Anggota DPR RI ini juga menegaskan bahwa tanggung jawab dalam mencegah tragedi semacam ini tidak semata-mata berada di pundak negara. Keluarga, masyarakat, institusi pendidikan, serta berbagai lembaga sosial kemasyarakatan, semuanya memiliki kewajiban moral yang sama untuk melindungi dan memastikan kesejahteraan anak-anak. “Kalau negara belum mampu mengentaskan kemiskinan, iya. Tapi juga faktor keluarga, faktor masyarakat, sekolah, lembaga-lembaga sosial kemasyarakatan tentu juga seharusnya bertanggung jawab, paling tidak sangat prihatin dengan peristiwa ini,” pungkasnya, menggarisbawahi sifat kolektif dari tanggung jawab tersebut.
Kronologi peristiwa yang menyayat hati ini terungkap bahwa bocah SD yang berusia 10 tahun tersebut mengakhiri hidupnya pada Kamis (29/1) siang. Beberapa saat sebelum kejadian tragis itu, ia sempat mengungkapkan keinginannya untuk dibelikan buku dan pensil kepada ibundanya. Namun, karena keterbatasan finansial yang dialami keluarga, sang ibu tidak mampu memenuhi permintaan tersebut.
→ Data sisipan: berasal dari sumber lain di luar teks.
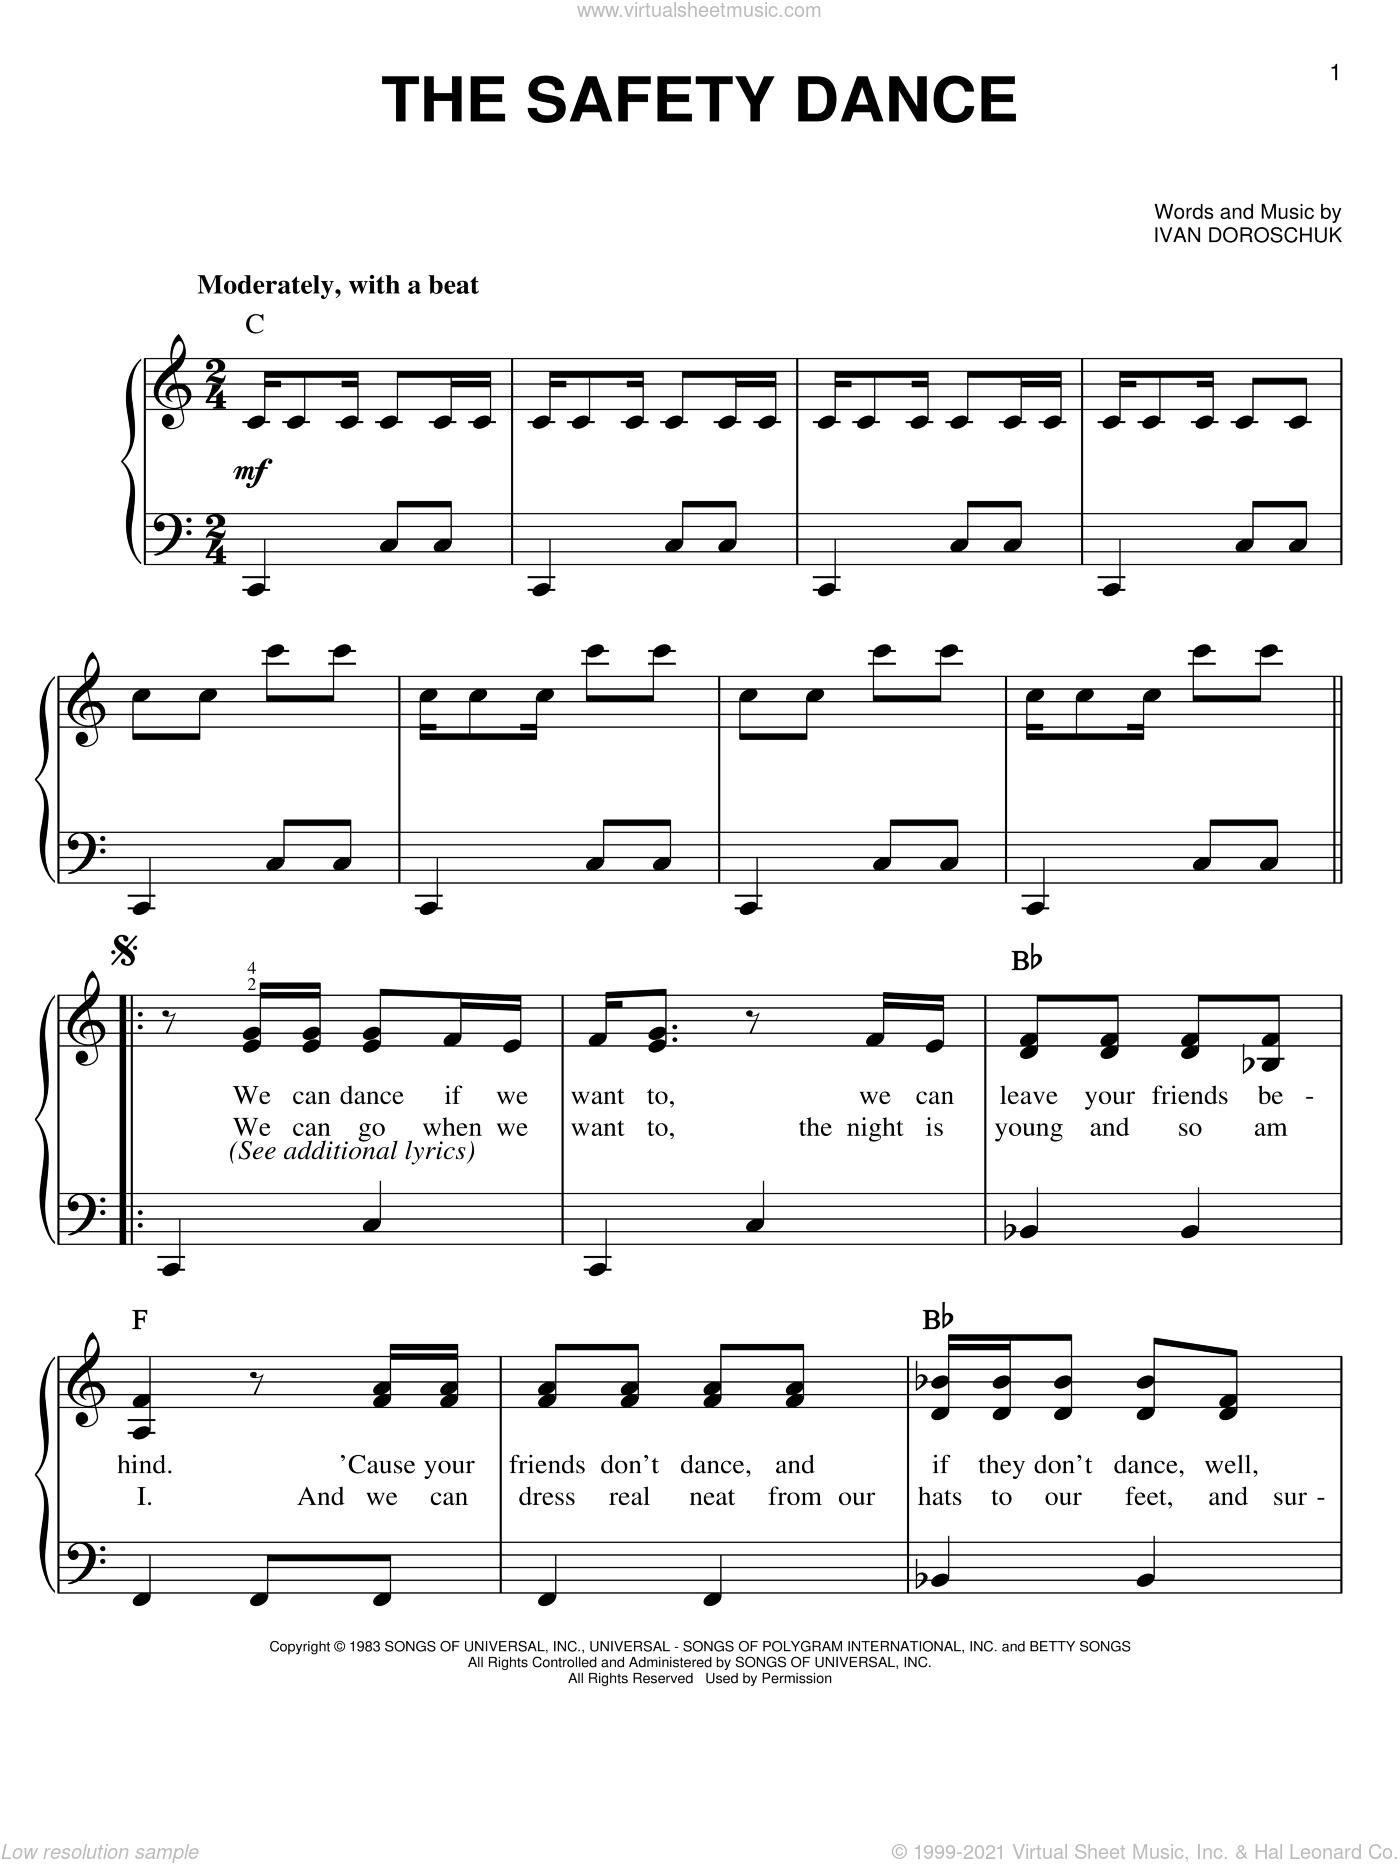 The Safety Dance for piano solo.

Ketidakmampuan untuk memenuhi kebutuhan dasar pendidikan yang sederhana inilah yang diduga menjadi pemicu utama keputusasaan yang berujung pada tindakan fatal tersebut. Peristiwa ini meninggalkan luka yang sangat dalam, tidak hanya bagi keluarga korban tetapi juga bagi seluruh warga di Dusun Sawasina, Desa Nuruwolo, Kecamatan Jerebuu, yang turut merasakan kehilangan dan keprihatinan mendalam.
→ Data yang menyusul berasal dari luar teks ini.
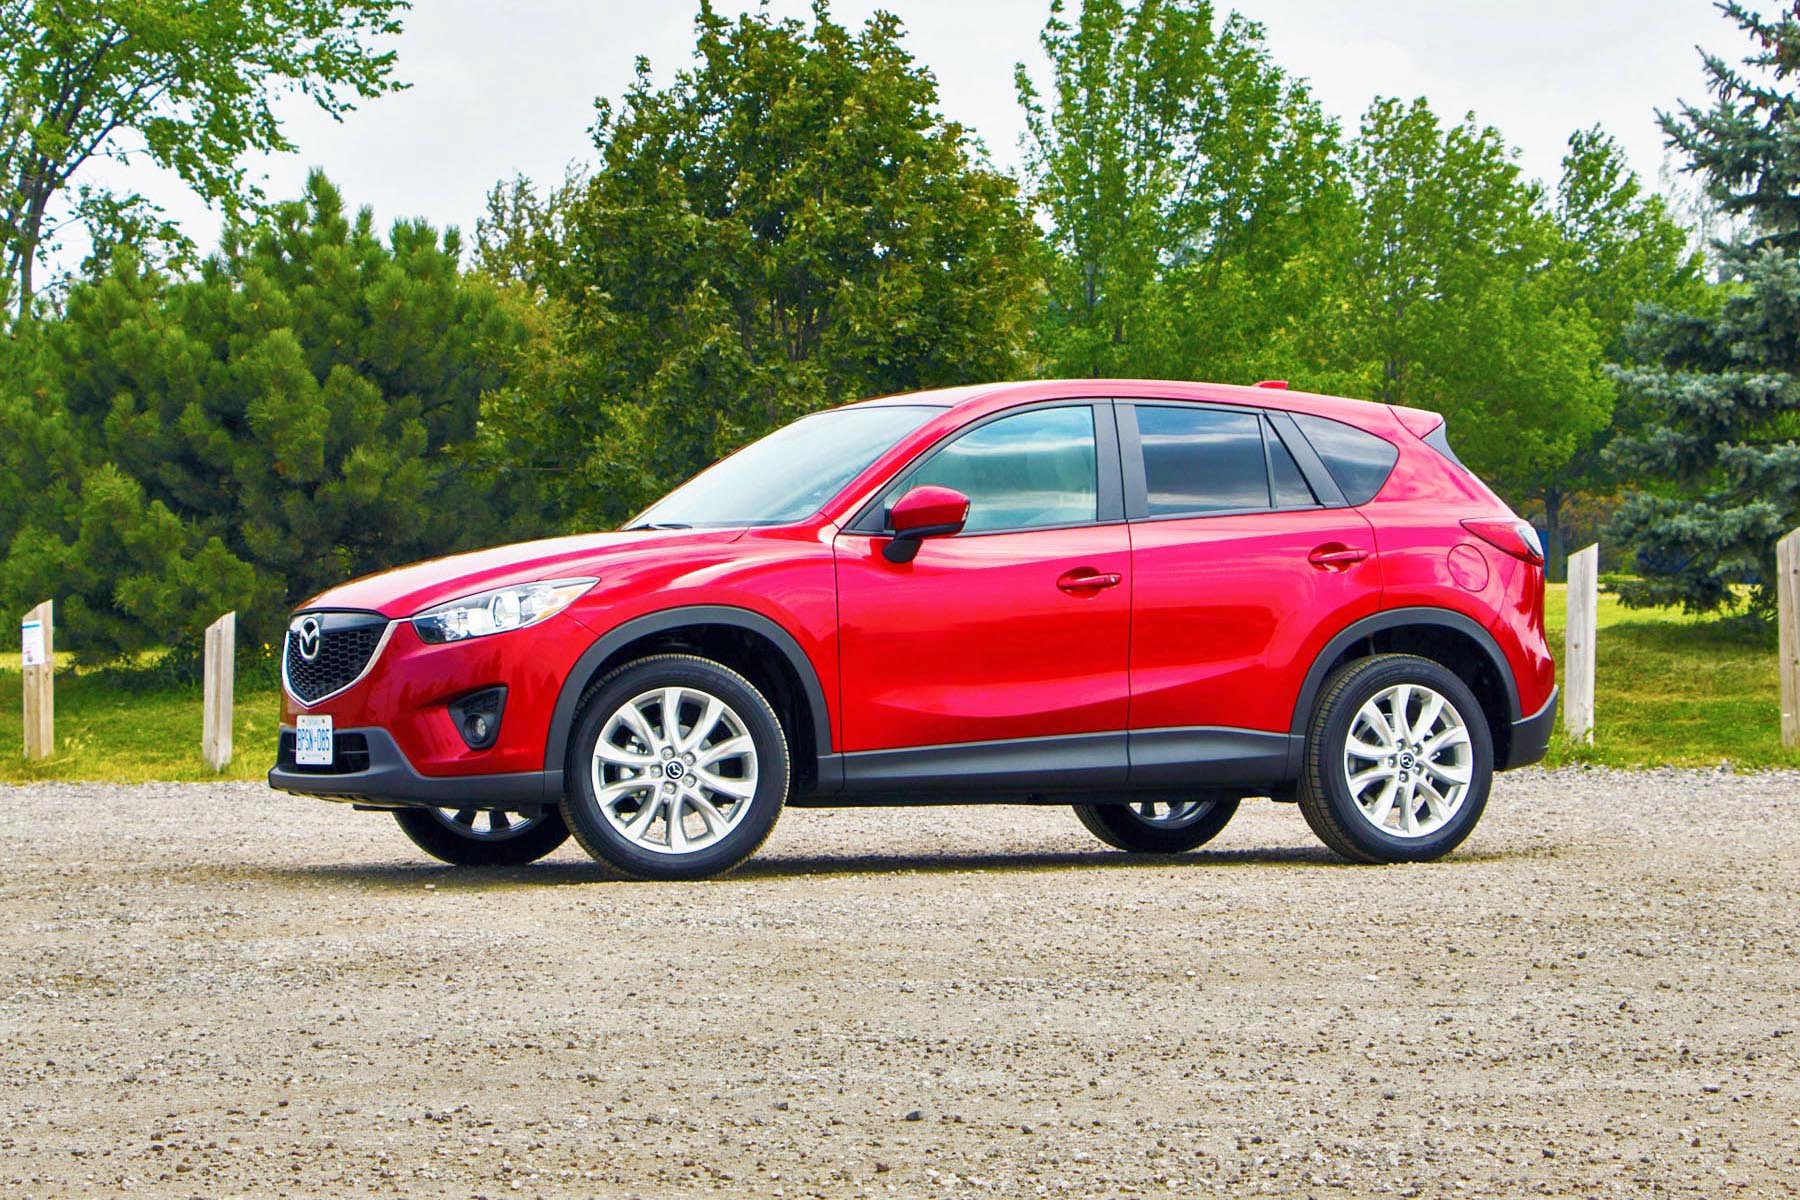 It's zoom-zoom for the whole family – the perfect car for you is a Mazda CX-5. Mazda's crossover is efficient enough for the everyday commute, but has the chutzpah to carve up a backroad like it was built by the same people who assemble the Miata. Oh wait: it was!

Merujuk pada referensi tambahan, kasus serupa pernah terjadi dan mendapat sorotan tajam. Wakil Ketua Komisi X DPR RI, misalnya, pernah mendesak Kementerian Pendidikan, Kebudayaan, Riset, dan Teknologi (Kemendikdasmen) untuk mengusut tuntas tragedi pendidikan nasional ini. Kasus tersebut juga melibatkan siswa SD di Ngada, NTT, yang diduga bunuh diri karena ketidakmampuan keluarga membeli buku dan alat tulis. Hal ini menunjukkan bahwa isu ketidakmampuan membeli perlengkapan sekolah sebagai pemicu keputusasaan pada anak bukanlah fenomena tunggal. Penting untuk melakukan investigasi mendalam apakah bantuan pendidikan yang bersumber dari Anggaran Pendapatan dan Belanja Negara (APBN) telah tersalurkan secara tepat sasaran. Selain itu, sekolah memiliki peran krusial dalam melakukan deteksi dini terhadap kondisi sosial dan psikologis siswa, sehingga intervensi dapat dilakukan sebelum krisis terjadi.